» What the task asks
Excluding all pictures, please output the listing exactly.

» Data block
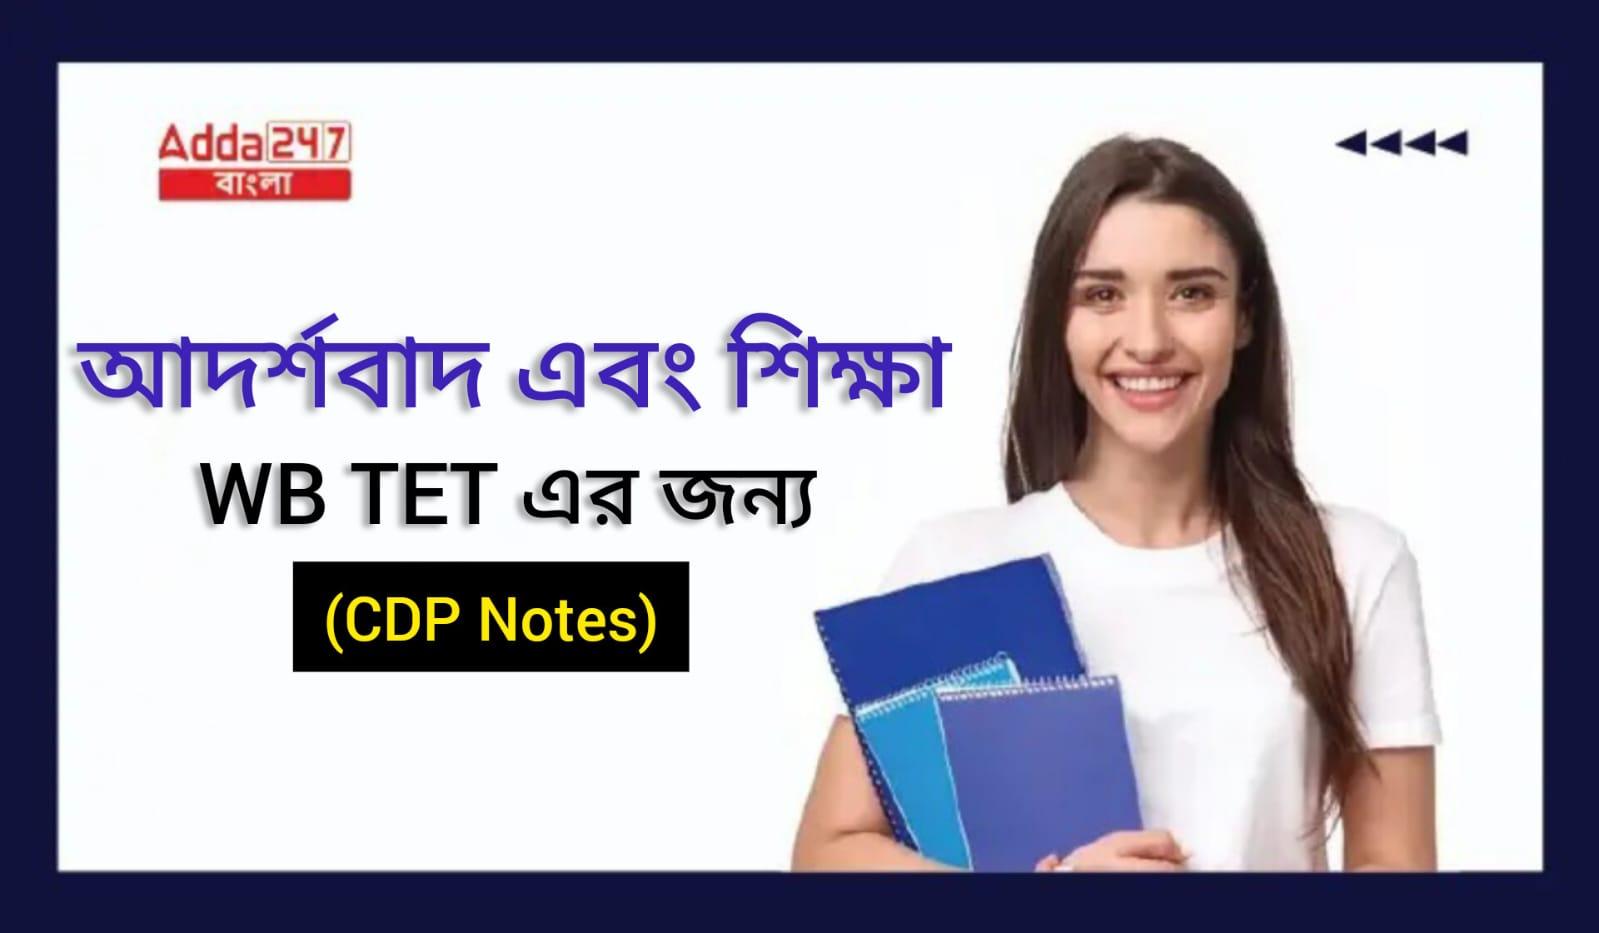 আদর্শবাদ এবং শিক্ষা, WB TET এর জন্য- (CDP Notes)
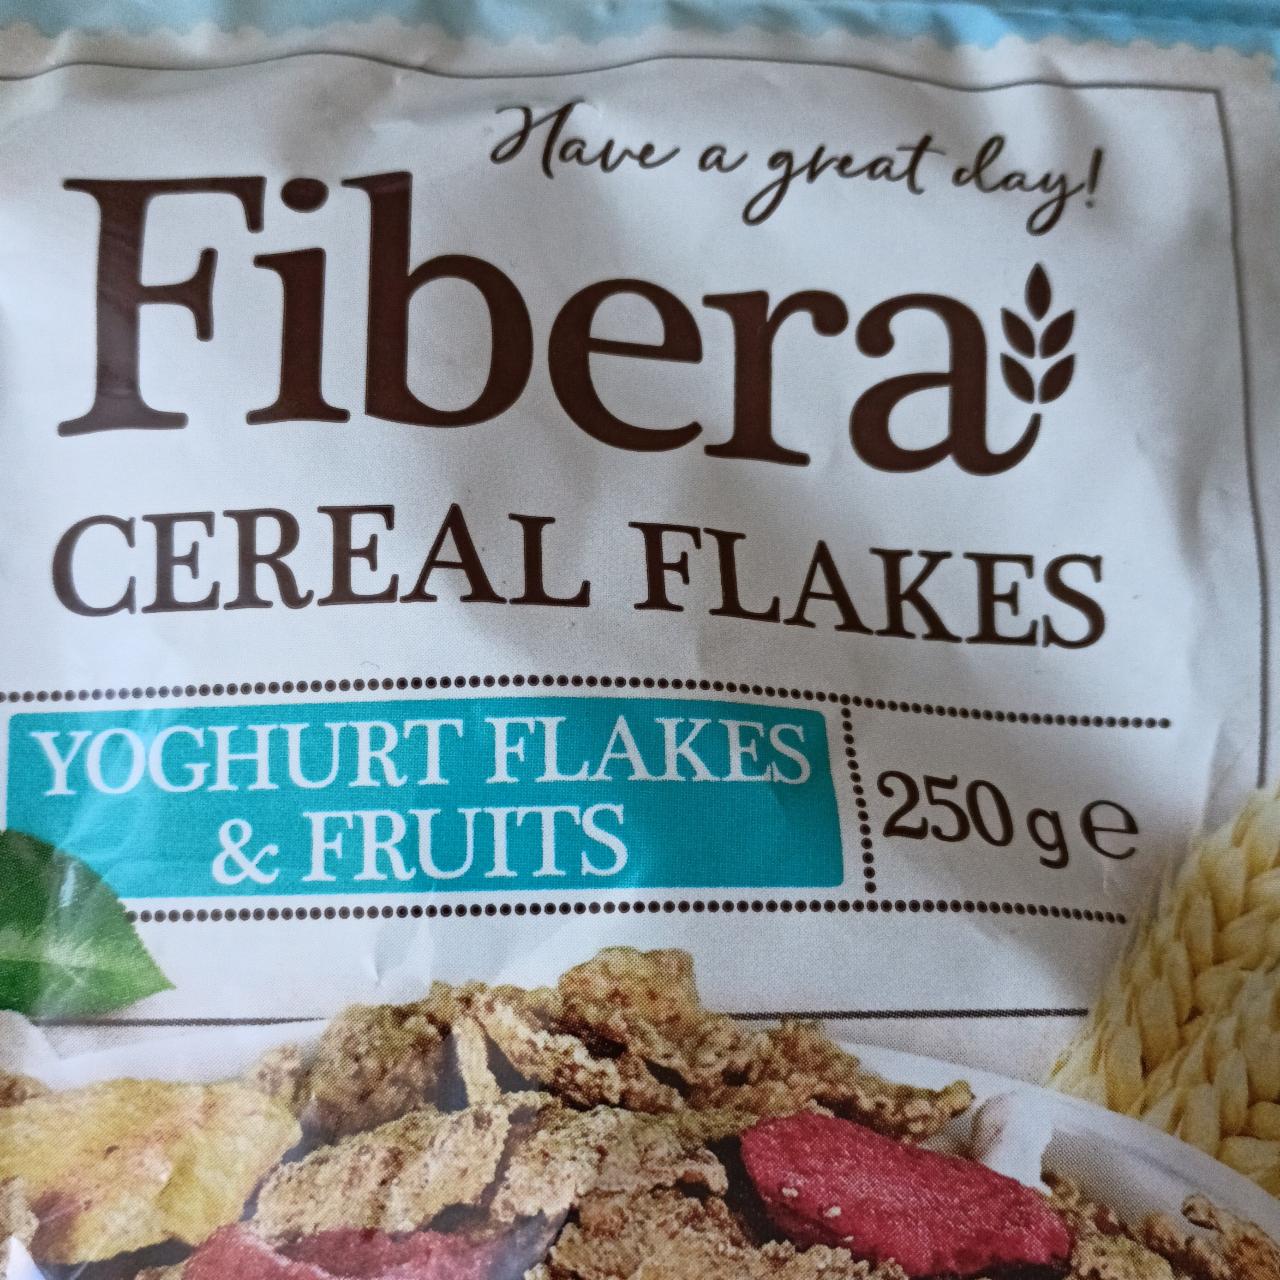 Zdjęcia - Płatki cereal flakes yoghurt & fruits Fibera
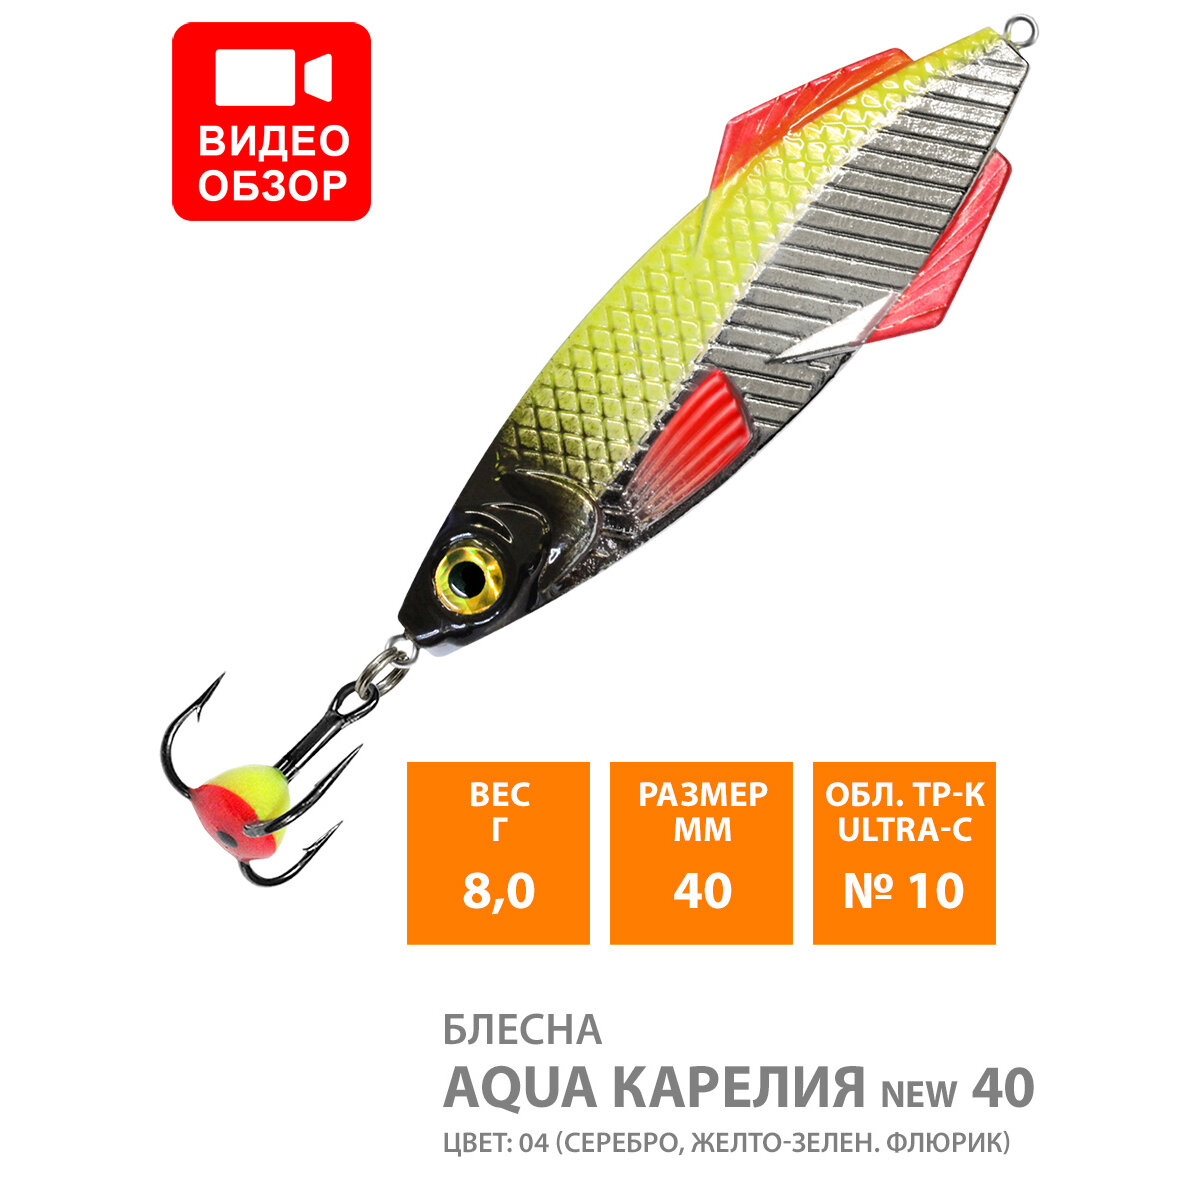 Блесна зимняя для рыбалки AQUA карелия NEW 360g цвет 06 (серебристо-черный) (набор 2 шт)

» Answer to the problem
 আদর্শবাদ এবং শিক্ষা, WB TET এর জন্য- (CDP Notes)
 Zdjęcia - Płatki cereal flakes yoghurt & fruits Fibera
 Блесна зимняя для рыбалки AQUA карелия NEW 360g цвет 06 (серебристо-черный) (набор 2 шт)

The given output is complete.